User Edit Pencil Streamline Icon: https://streamlinehq.com
Authors (3)
  1. Eric Zhang (12 papers)
  2. Leshem Chosen (2 papers)
  3. Jacob Andreas (116 papers)

Summary

Unforgettable Generalization in LLMs

The paper "Unforgettable Generalization in LLMs" by Eric Zhang, Leshem Choshen, and Jacob Andreas investigates how fine-tuning LLMs (LMs) with randomized labels for specific tasks affects their ability to "forget" learned capabilities. The key contributions of this paper lie in studying the generalization behavior of forgetting tasks and examining whether such forgetting truly removes knowledge or simply alters the model's surface behavior.

Summary of Key Findings

The authors perform an extensive set of experiments using transformer-based LMs, particularly focusing on the LLaMA2-7B model, to analyze the effects of random-label fine-tuning across a variety of tasks. They introduce two key metrics to quantify forgetting: the "forget gap" and the "forget ratio," allowing a rigorous assessment of how well models forget tasks. Their primary results can be summarized as follows:

  1. Task-Dependent Forgetting:
    • The degree of task forgetting is significantly varied. Forgetting generalizes robustly in some tasks, such as entailment classification, where models produce uninformative predictions on new task instances.
    • In contrast, tasks requiring physical commonsense reasoning or scientific question answering exhibit limited generalization in forgetting; models trained on random labels still perform well on similar unseen examples from these tasks.
  2. Independence from Data Set Difficulty:
    • The efficacy of forgetting does not correlate with the difficulty of the task dataset.
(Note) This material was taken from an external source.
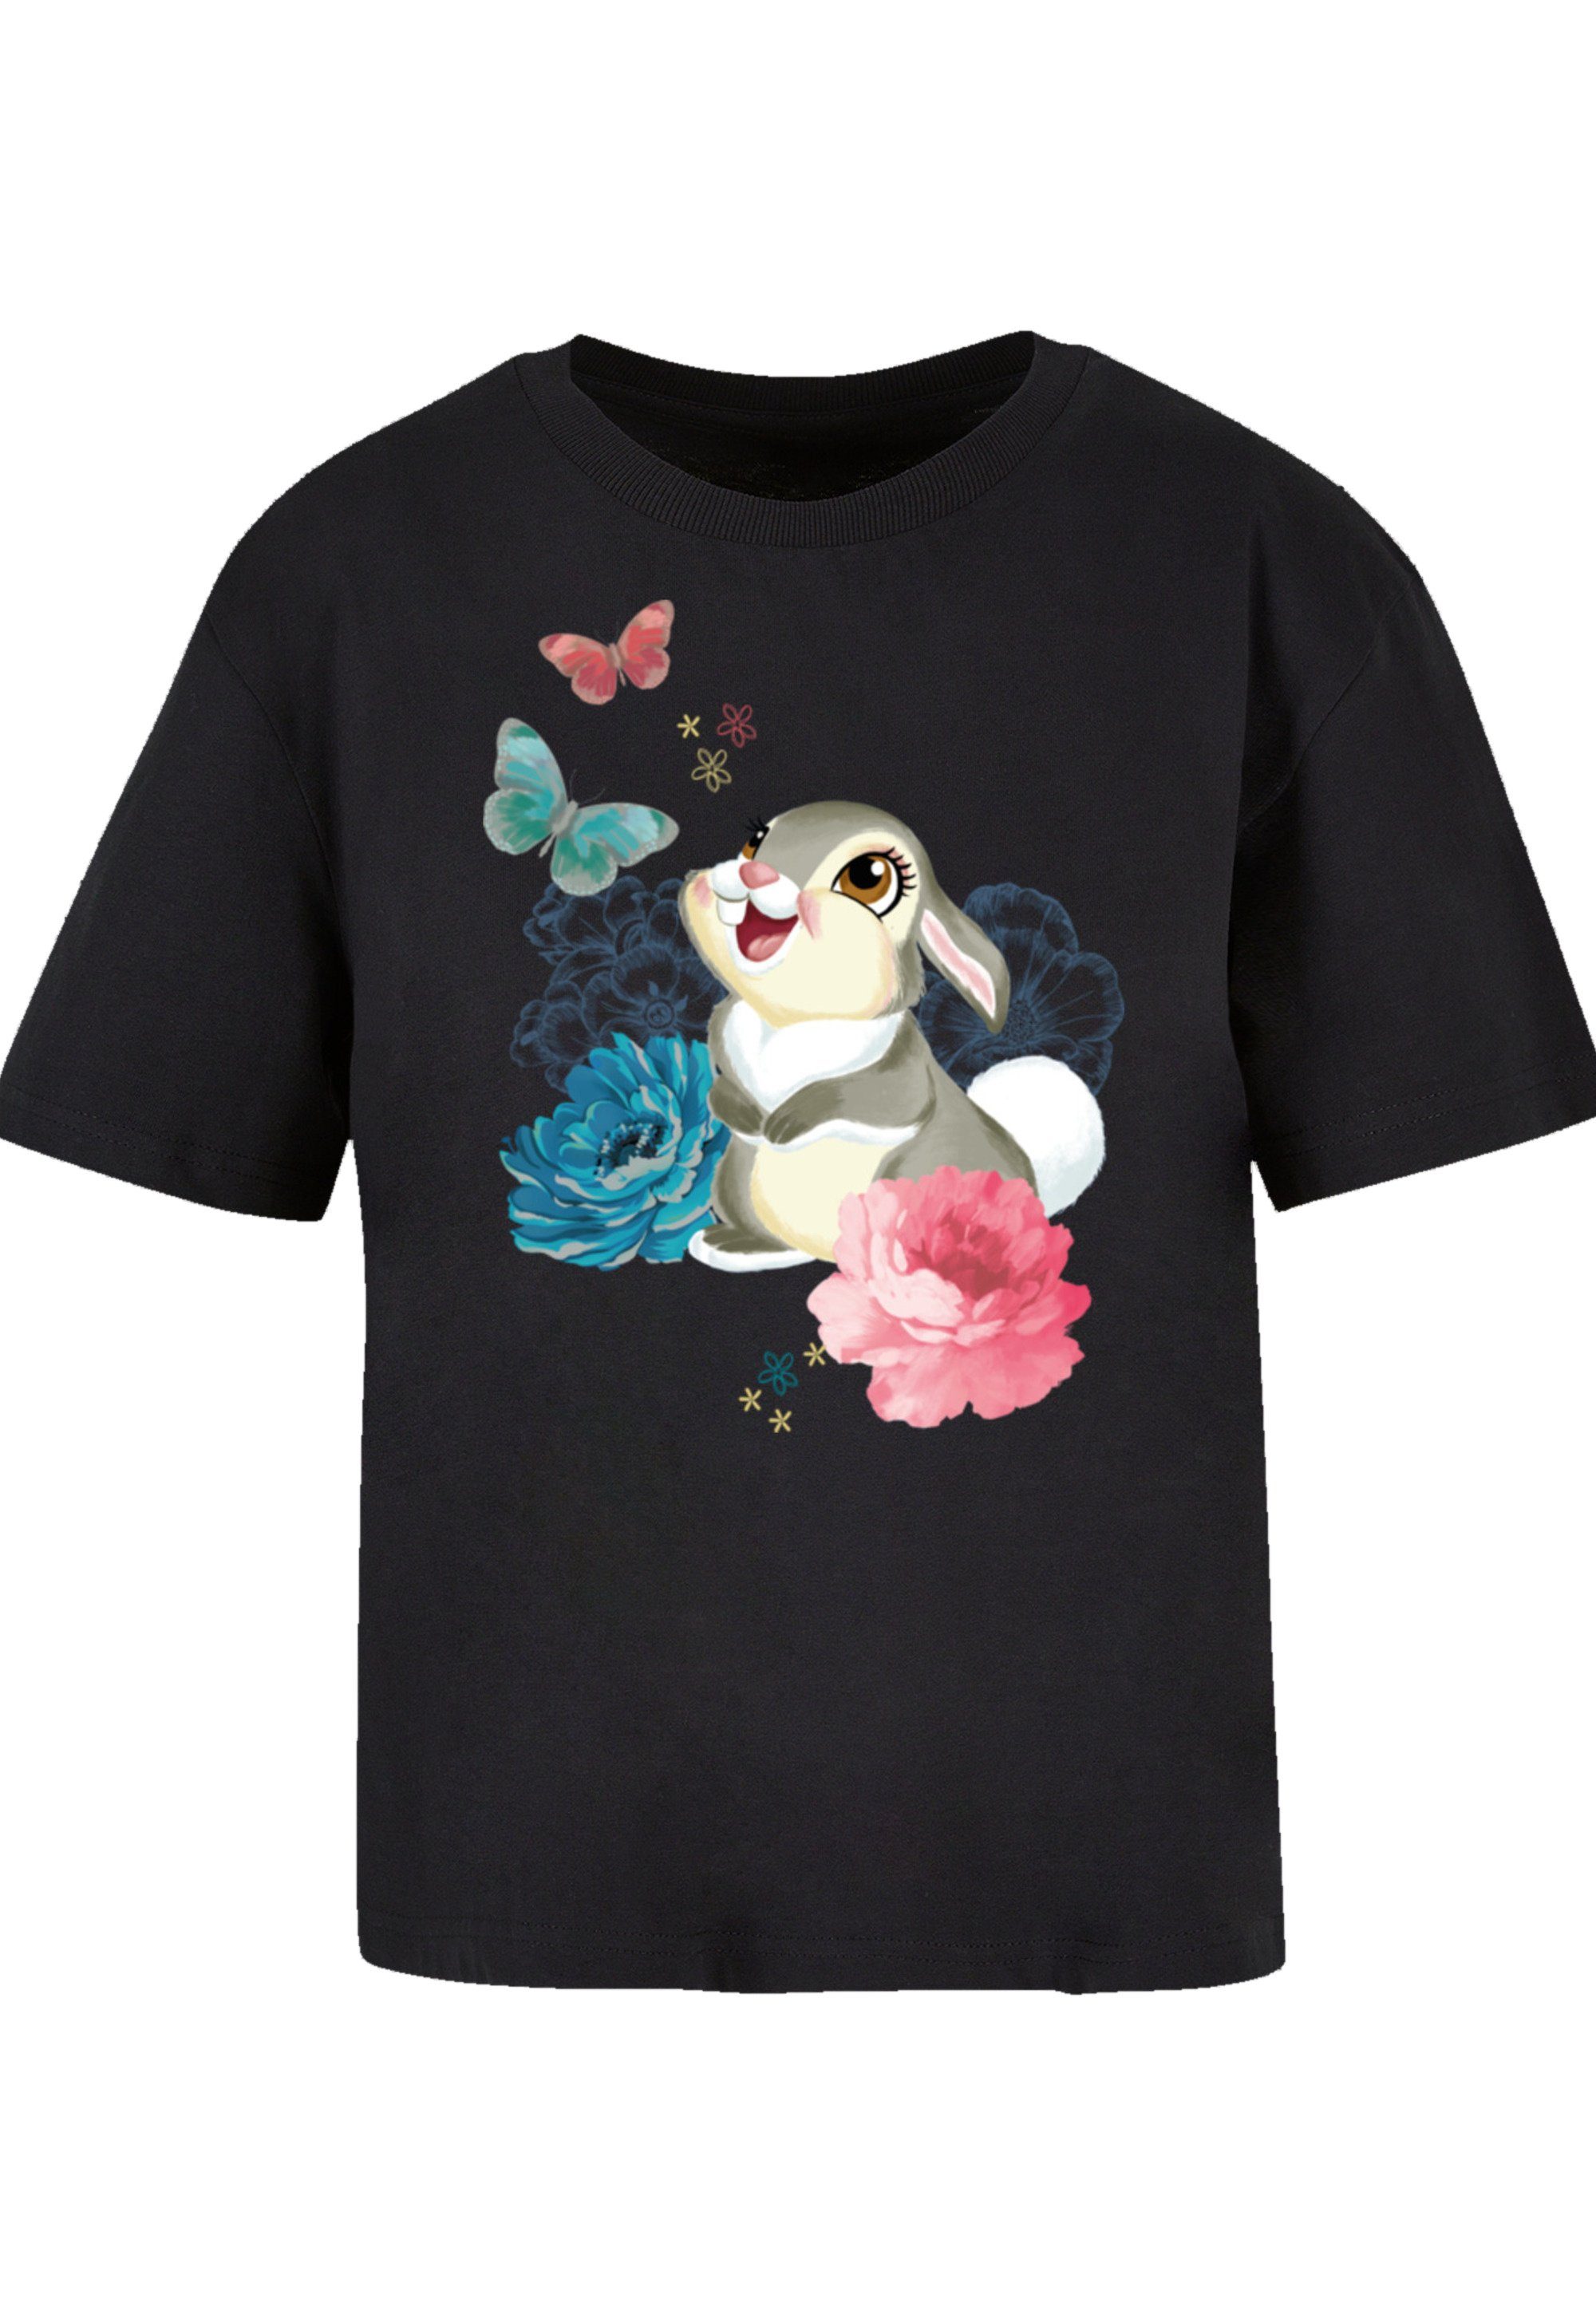 T-Shirt vielseitig Disney Komfortabel F4NT4STIC Qualität, Premium Bambi Klopfer und kombinierbar

Specific tasks, regardless of their difficulty, showed a stronger tendency to retain learned knowledge, highlighting the complex nature of task-specific behavior during the forgetting process.
  3. Predictors of Forgetting Generalization:
    • Forgetting generalization is weakly predicted by the confidence levels of the LM's initial task predictions and the variability of LM representations of the training data. Tasks with lower confidence and lower variability in representations tend to forget more effectively.
  4. Cross-Task Forgetting:
    • There is a noticeable variability in cross-task forgetting. For example, fine-tuning on science questions with random labels caused those models to retain their capability to answer new science questions but fail more thoroughly on entailment classification.
  5. Shallow Forgetting:
    • Even when forgetting generalizes, it appears to be shallow. Linear probes trained on the LMs' representations post-forgetting can still perform the tasks reliably, indicating that the underlying knowledge is not completely eradicated.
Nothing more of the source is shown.